Yes, ExtremeProjectsRequireExtremeCustomers. On C3 we had the luxury of a failed project up against the wall, so when KentBeck said "Do it this way", they did it that way. We did have to go through a lot of learning about how to write stories and how to plan and implement using them, but we had the basic buy-in.

I would say (Kent is a bit more open) that if you aren't doing the story cycle with writing them, CommitmentSchedule-ing them, IterationPlan-ning them, tracking them, you aren't doing XP. You might be following the coding rules, but that's not enough, IMO, to give you a good enough chance of success to get the ExtremeProgrammingTattoo.

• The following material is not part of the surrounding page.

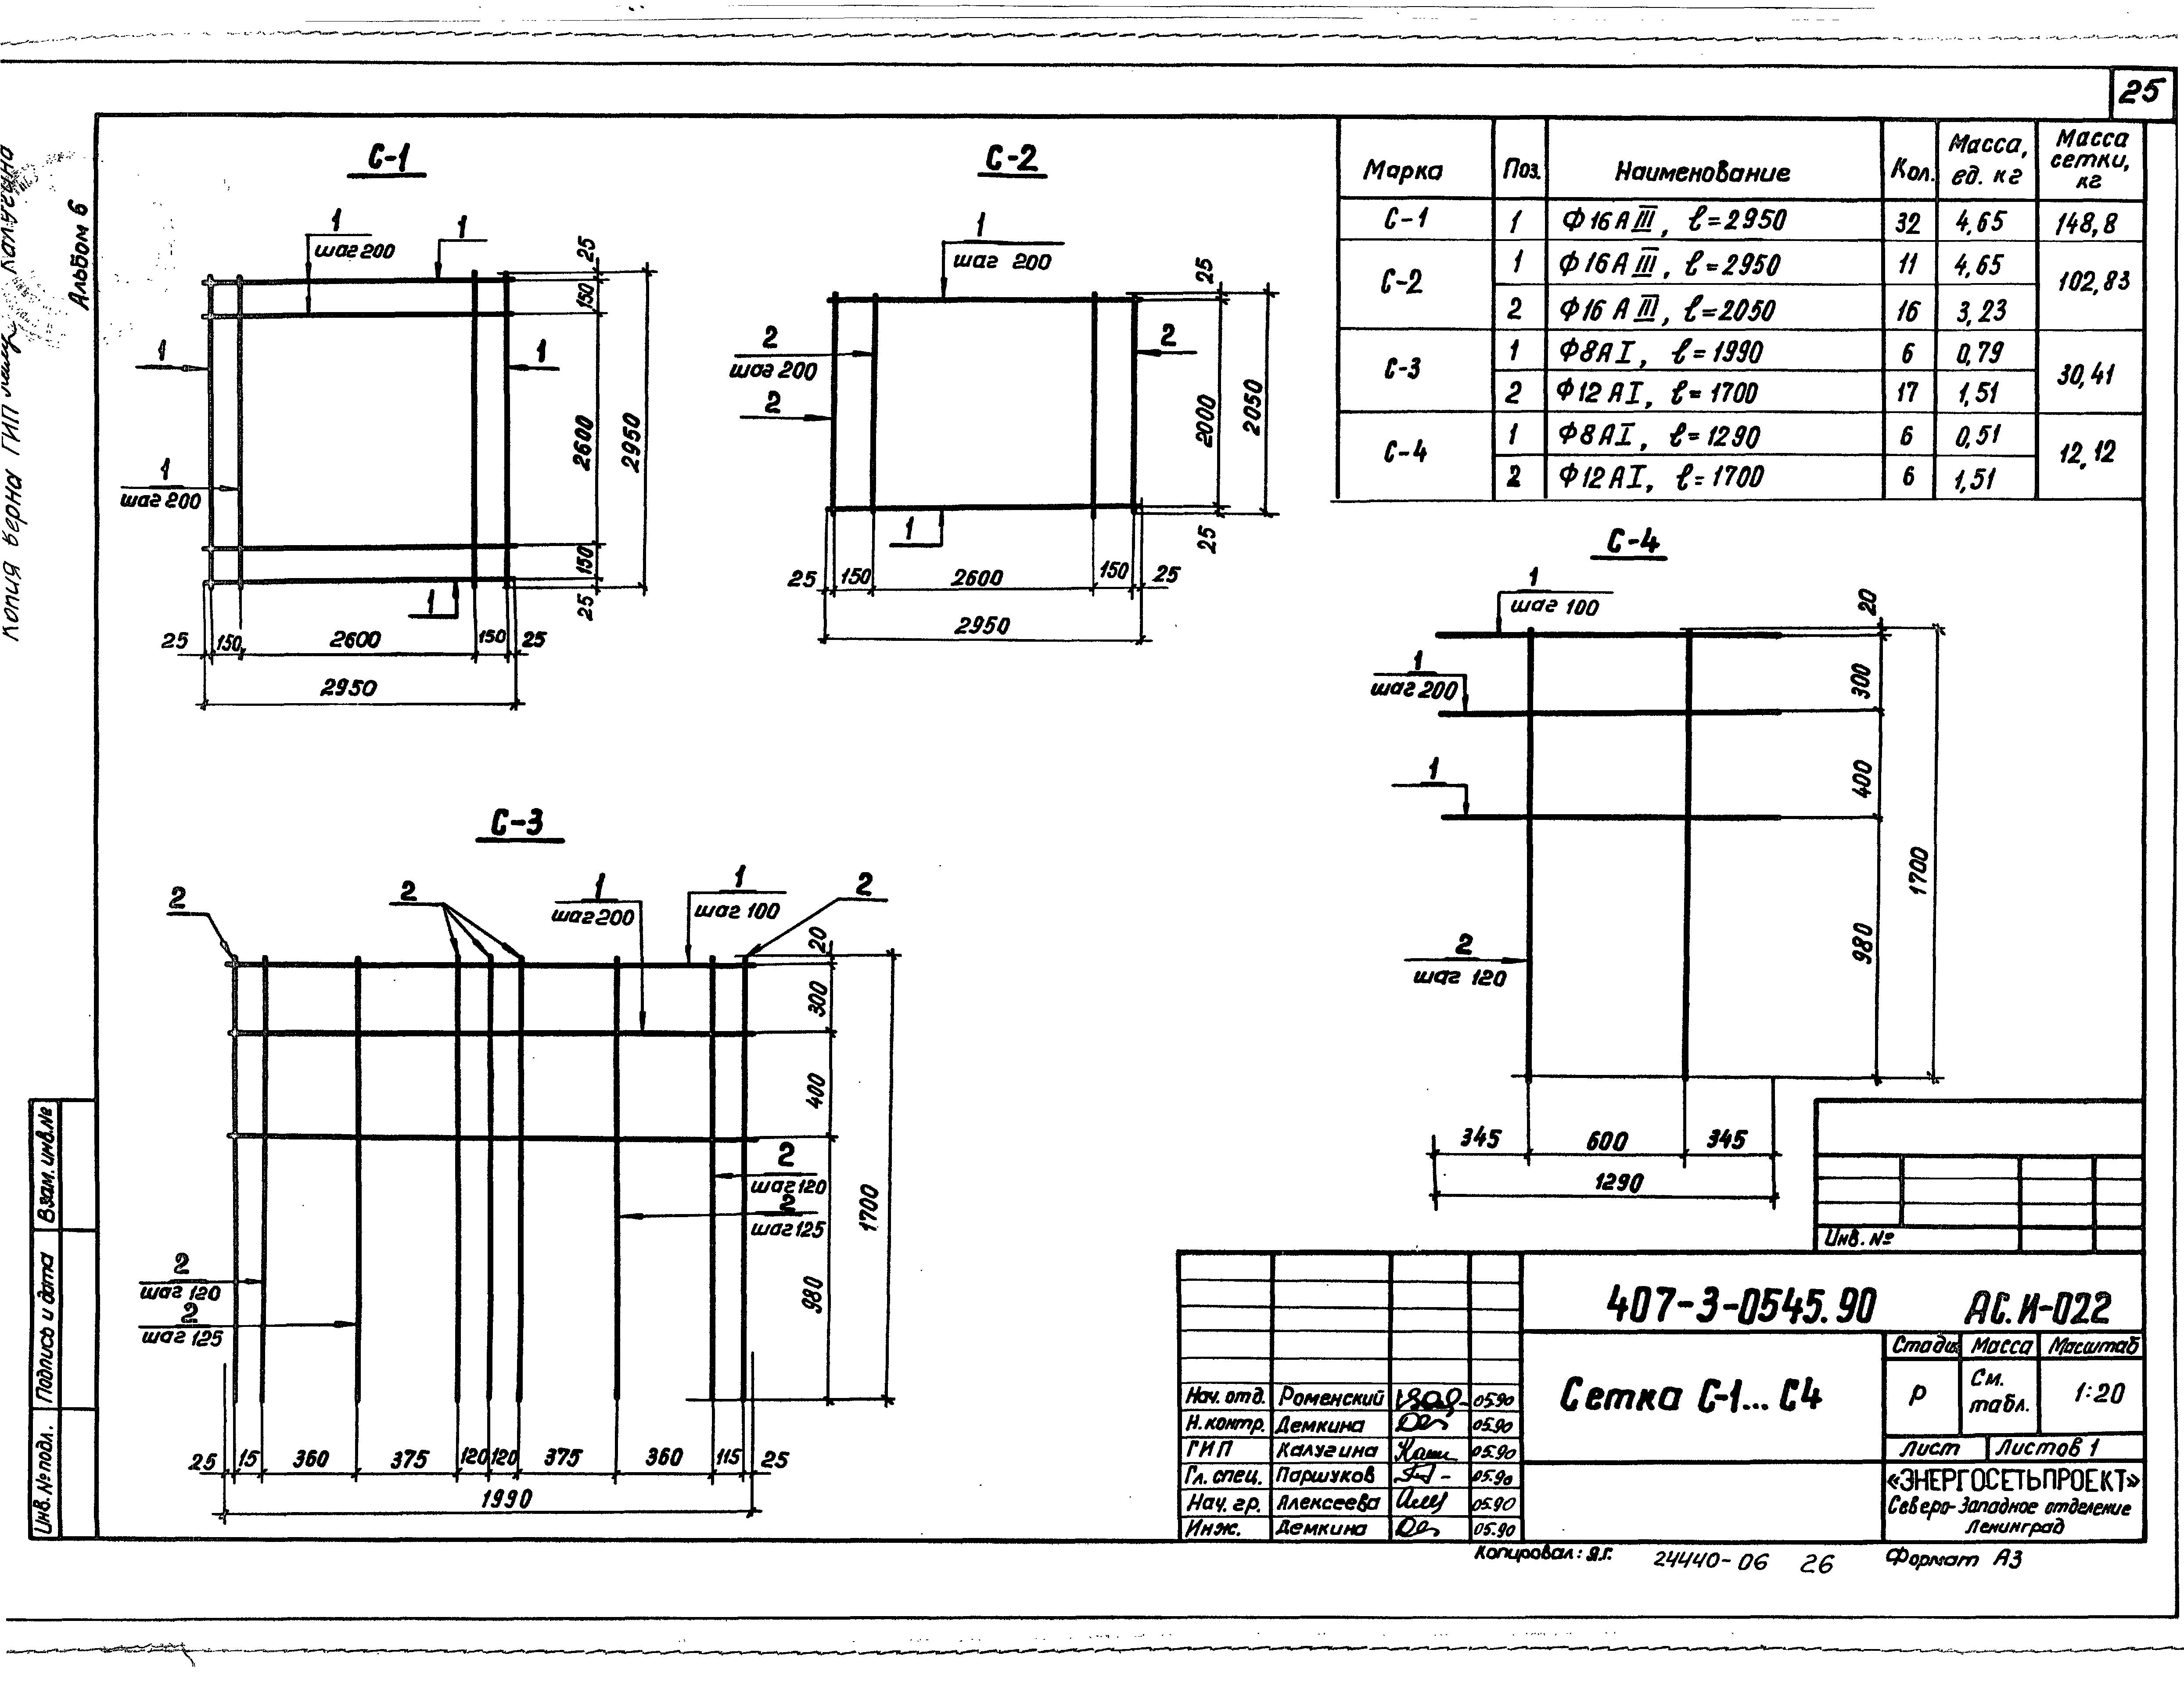 Типовые проектные решения 407-3-0540.90

OTOH, I made a short call at another client, where my job (I think) was to be bad cop to Ward's good cop. The primary customer seemed to feel that my story of customer involvement and such was threatening, and he took over the second day of my training. However, I've recently heard that the customers are now working actively with the developers, and that it is helping. Part of the process is empowering the customers to be there, and helping the developers understand that they really need someone else to decide what to do.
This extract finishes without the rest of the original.